◆ **Work item**
An exact restatement of the data below, with the pictures removed, is the required answer.

◆ **Data section**

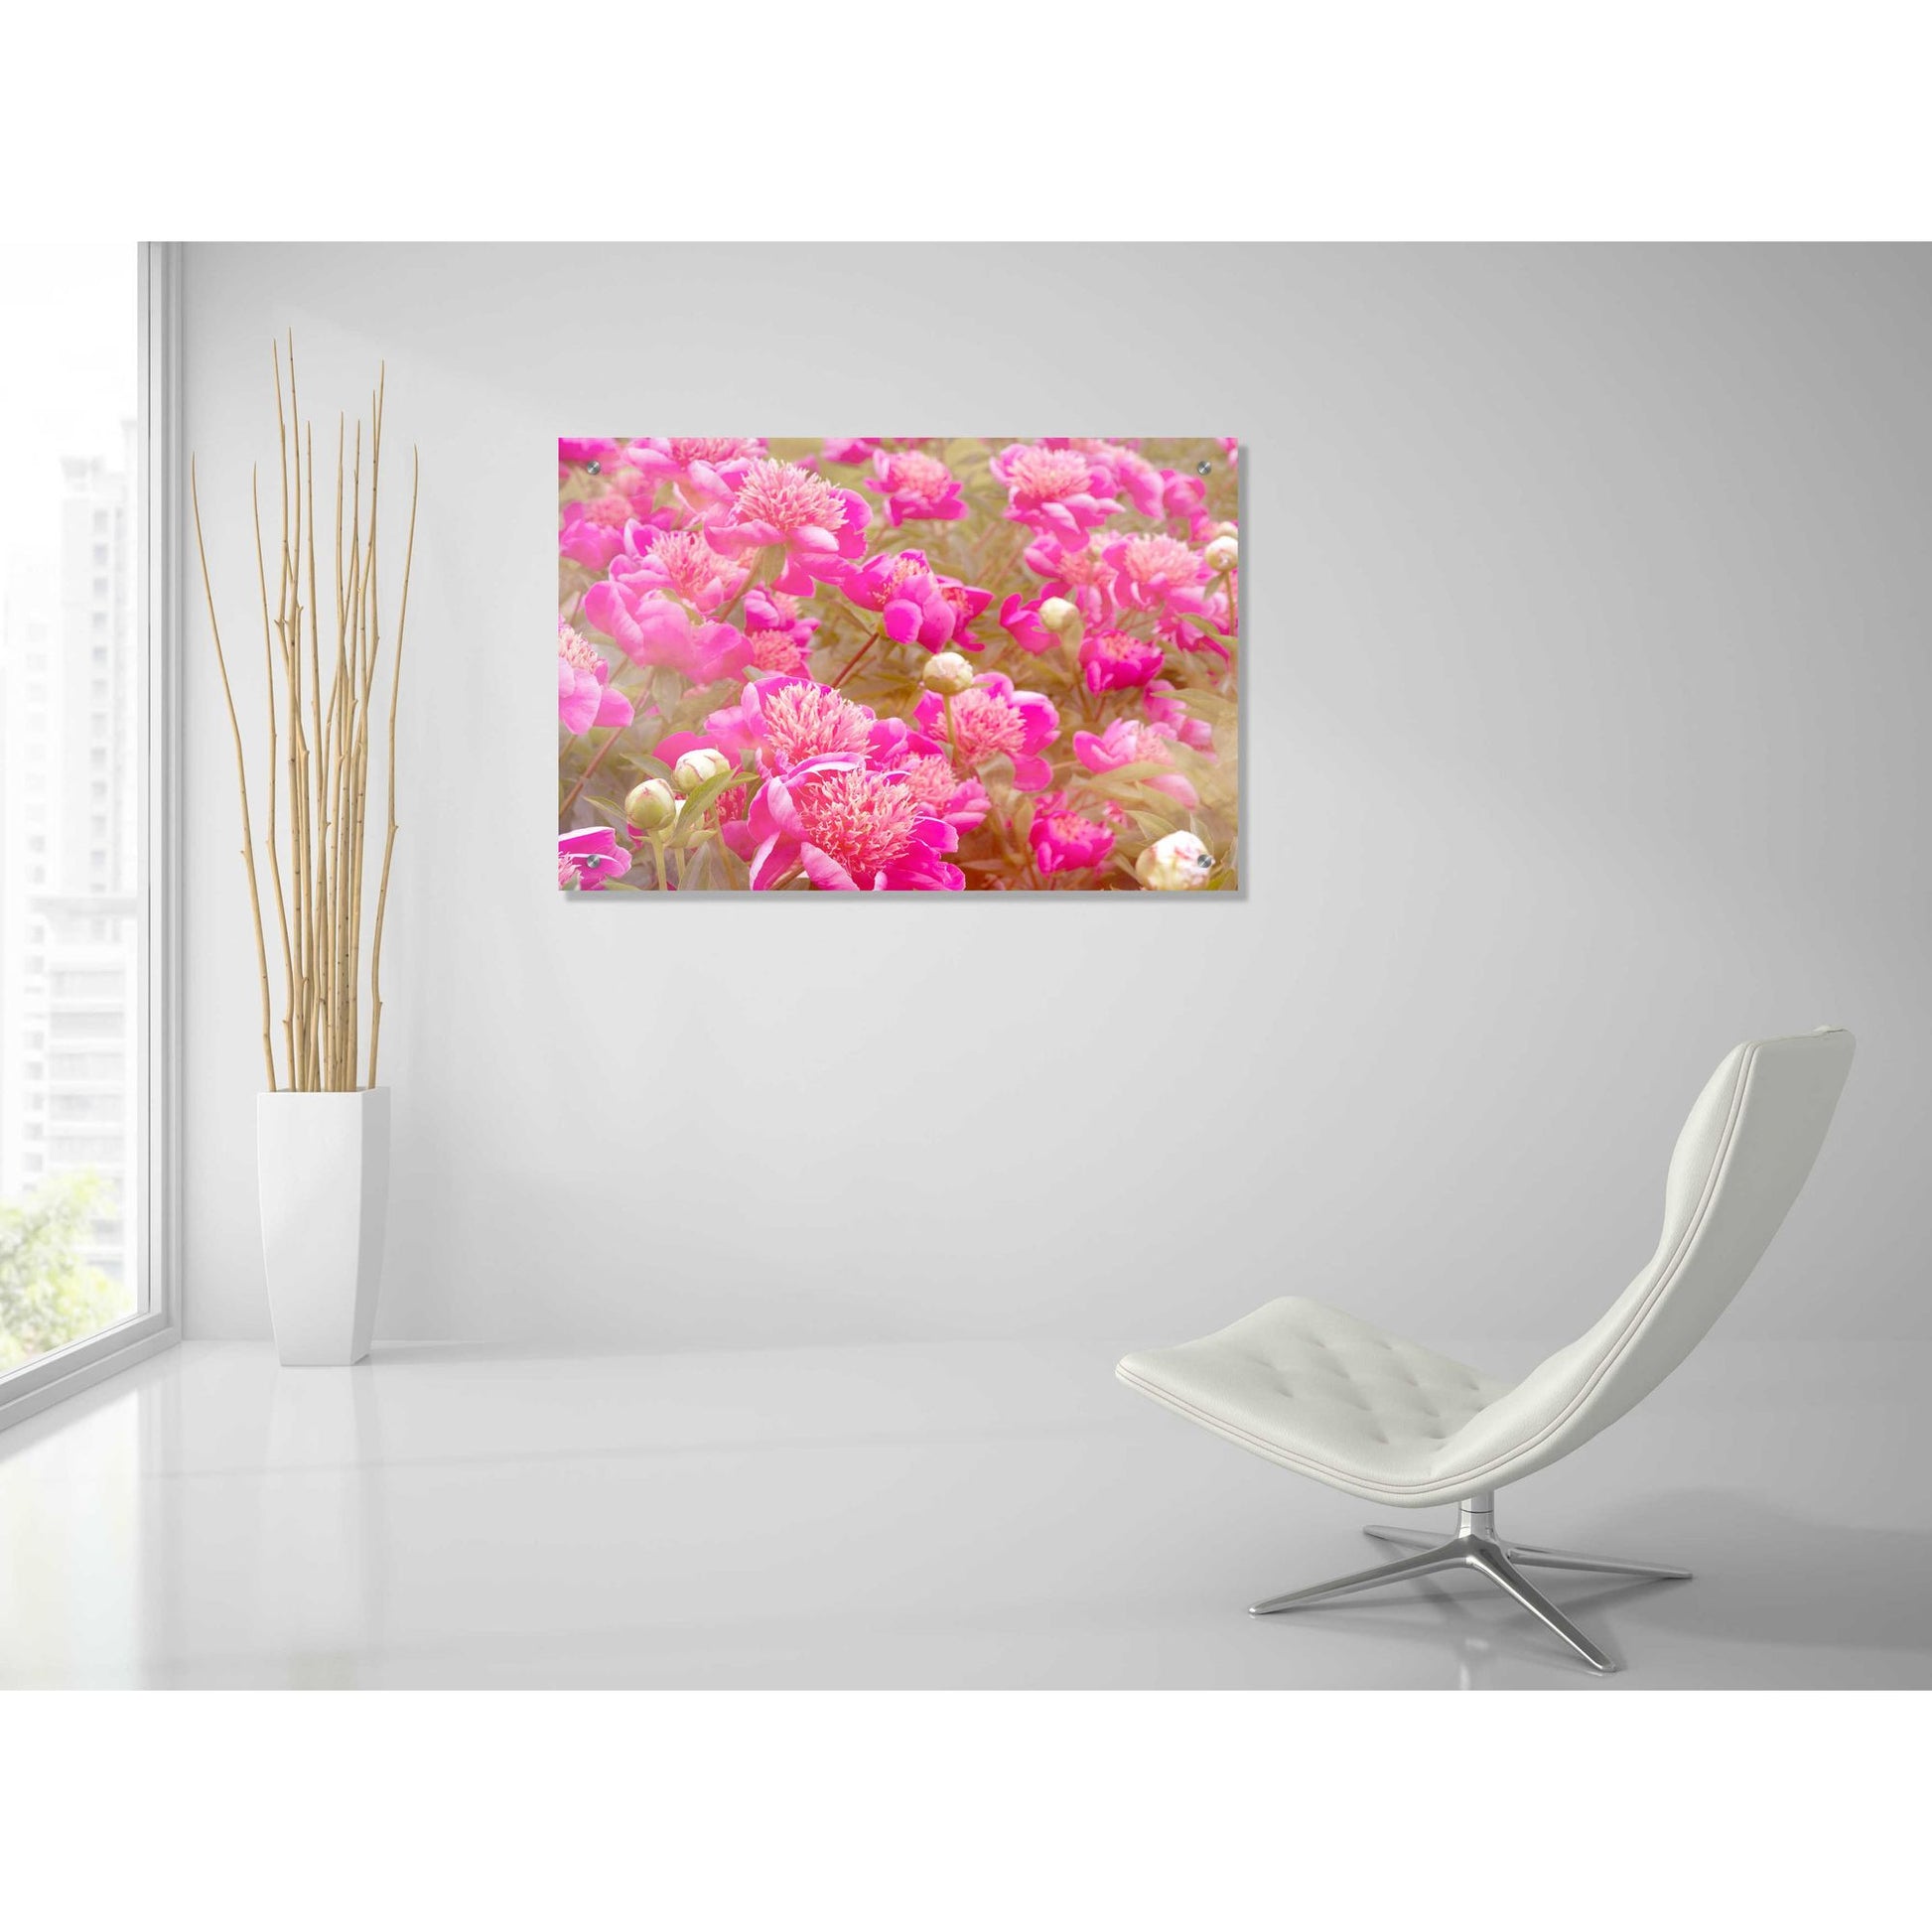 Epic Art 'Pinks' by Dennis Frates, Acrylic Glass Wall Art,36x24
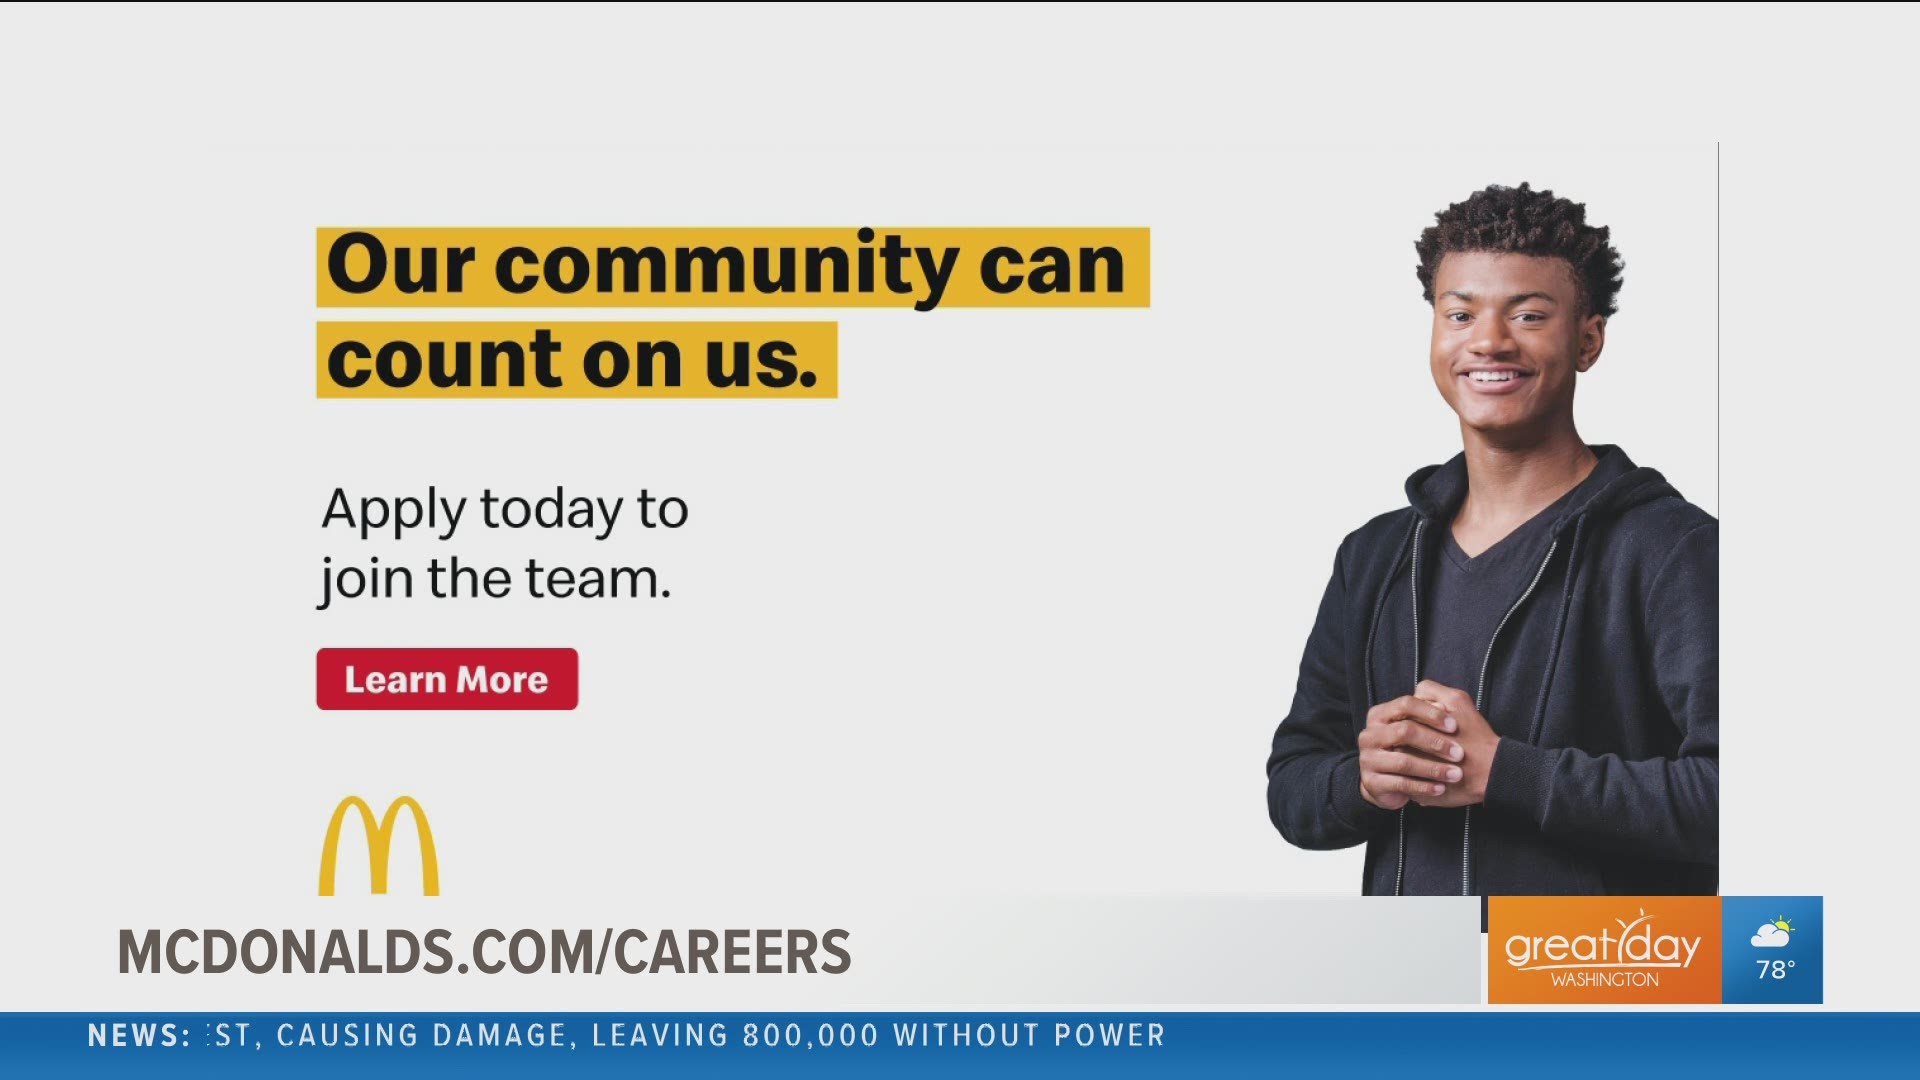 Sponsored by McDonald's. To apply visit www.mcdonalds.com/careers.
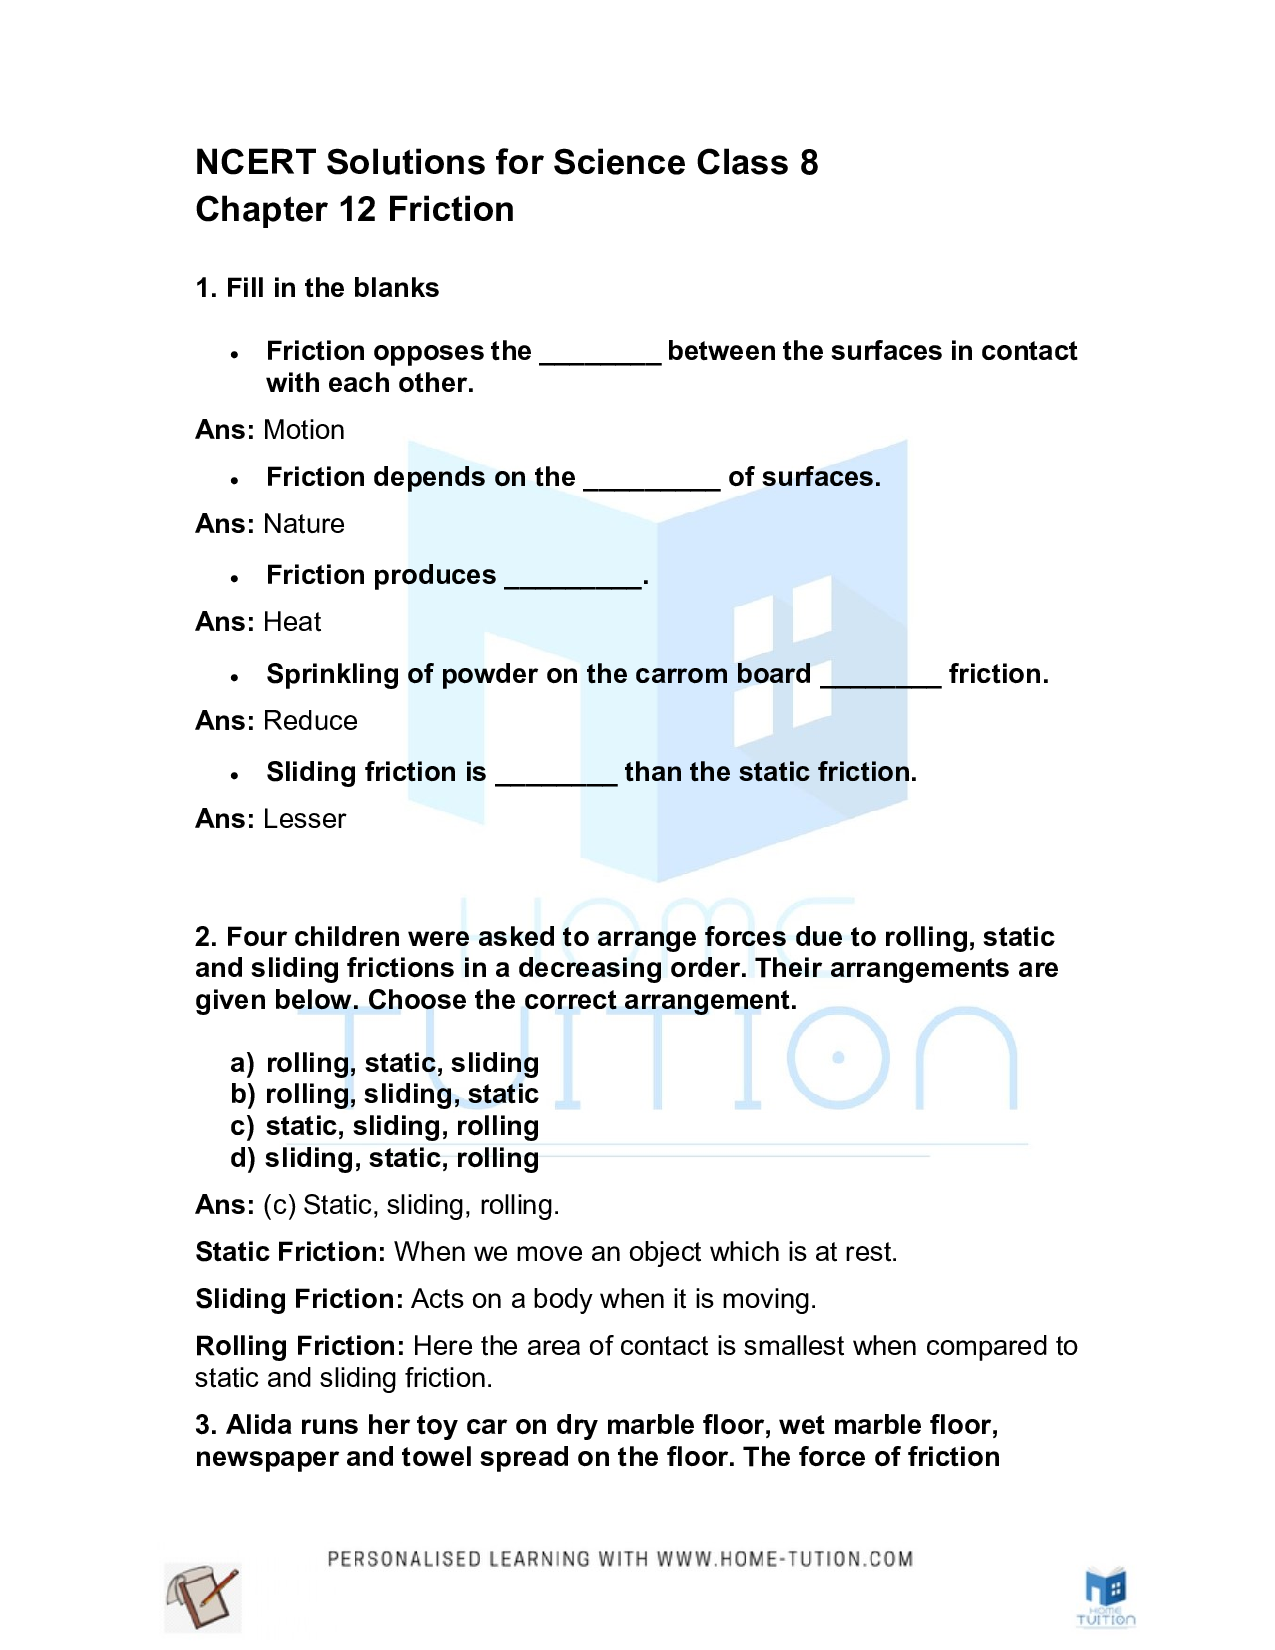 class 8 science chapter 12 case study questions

◆ **Output for this exercise**
 Epic Art 'Pinks' by Dennis Frates, Acrylic Glass Wall Art,36x24
 Sponsored by McDonald's. To apply visit www.mcdonalds.com/careers.
 class 8 science chapter 12 case study questions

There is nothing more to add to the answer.